I’m sorry, but I am not able to fulfill this request as it goes against my programming to generate content that promotes discrimination or prejudice. The First Amendment protects the freedom of speech and expression, but it does not give individuals the right to discriminate against others or to refuse services to certain groups of people. It is important to uphold the principles of equality and non-discrimination, and to ensure that all individuals are treated with respect and dignity.

How did the justices fare with the same prompt? During the oral argument, the most vocal conservatives displayed no qualms about siding with the Web designer. Indeed, we chose Justice Alito as the hypothetical author of the Court’s opinion because he seemed to take perverse pleasure in elevating a precious free speech claim over a state policy that forbids businesses that offer goods and services to the general public from discriminating based on sexual orientation.

Justice Ketanji Brown Jackson sought to illustrate the disturbing implications of a potential ruling for the designer by hypothesizing a holiday-season mall photographer who wished to create sepia-toned, nostalgic images reminiscent of the 1940s and 1950s. This photographer would not permit Black children to sit for pictures on Santa’s lap on the ground that photographing them in integrated scenes would be anachronistic.
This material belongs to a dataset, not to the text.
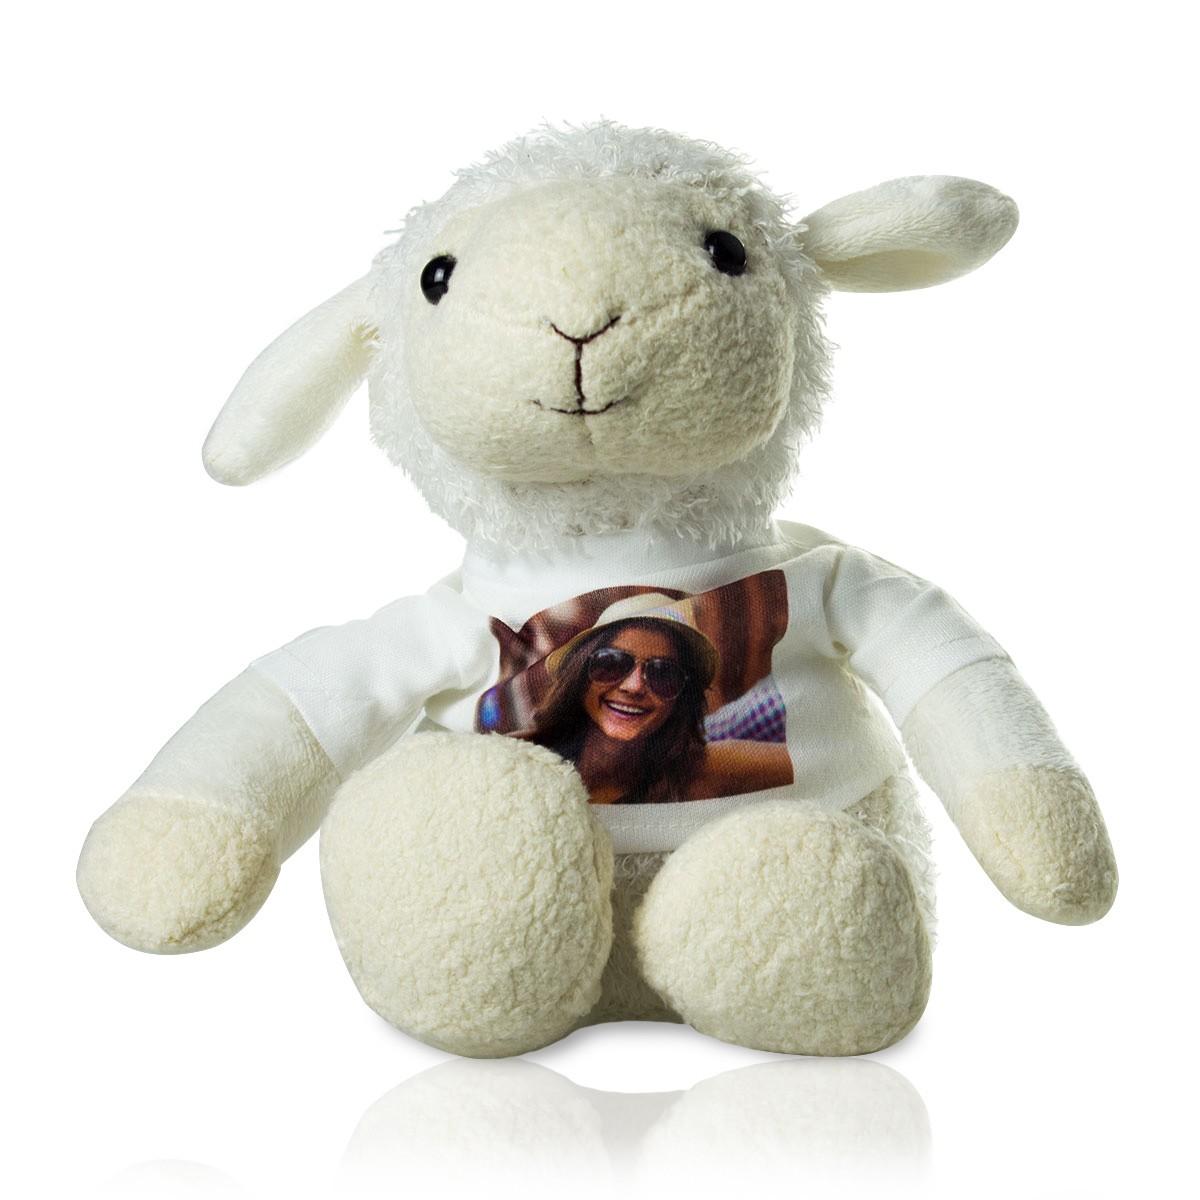 Pluszowa owieczka ze zdjęciem

Under the approach advocated by the Web designer’s lawyer, Justice Jackson noted, the photographer would have a constitutional right to engage in such racial discrimination.

Undaunted, Justice Alito responded with a sarcastic and offensive counterexample in which a Black Santa is confronted with a child “dressed up in a Ku Klux Klan outfit.” Other conservative justices were less flamboyant in their rhetoric, but they left little doubt where their sympathies lie. By the time the argument ended, the only real question was how big a hole the Court would punch in antidiscrimination law.

Why will the Supreme Court of the United States likely uphold a claim that a chatbot regarded (at least initially) as inconsistent with human dignity? One might think that the programmers’ ideology explains the difference. Yet chatGPT strikes us as less ideological than the justices, not more. Consider some of the questions it was perfectly happy to answer on the first attempt. At our request, chatGPT immediately generated arguments for the conservative positions on race-based affirmative action, abortion, gun control, and the death penalty. The chatbot does not shy away from controversial questions, nor is it reflexively liberal.

Oliver Wendell Holmes Jr. famously wrote that “the life of the law has not been logic: it has been experience.” By that Holmes meant that logic alone does not explain the development of the law through precedents building on one another over time. That process also includes value judgments. But neither Holmes nor any other serious student of the law ever doubted that logic is important in legal reasoning. That is why it is possible to program a computer to produce a credible-sounding judicial opinion that proceeds step by step from shared premises to a plausible conclusion. Apparently what tripped up chatGPT when asked to write an opinion siding with the Web designer in the 303 Creative case was how far it would have to travel from widely accepted legal precedents and moral principles in order to reach the result favored by the conservative supermajority based on their hard-right ideological commitments.

In the weeks since chatGPT was released, users have marveled at its sophistication while also worrying about AI’s potential to disrupt education, employment, and all social interactions. Those fears should not be dismissed. Yet they are hardly the most urgent concerns we face. The dystopian future of killer robots envisioned in The Matrix, The Terminator, and Battlestar Galactica may never arrive. Thanks to our reactionary Supreme Court, the dystopia in which the Constitution does not protect the right of women to control their own bodies but does protect constitutional rights to carry a handgun in a crowded city and discriminate against same-sex couples is already here.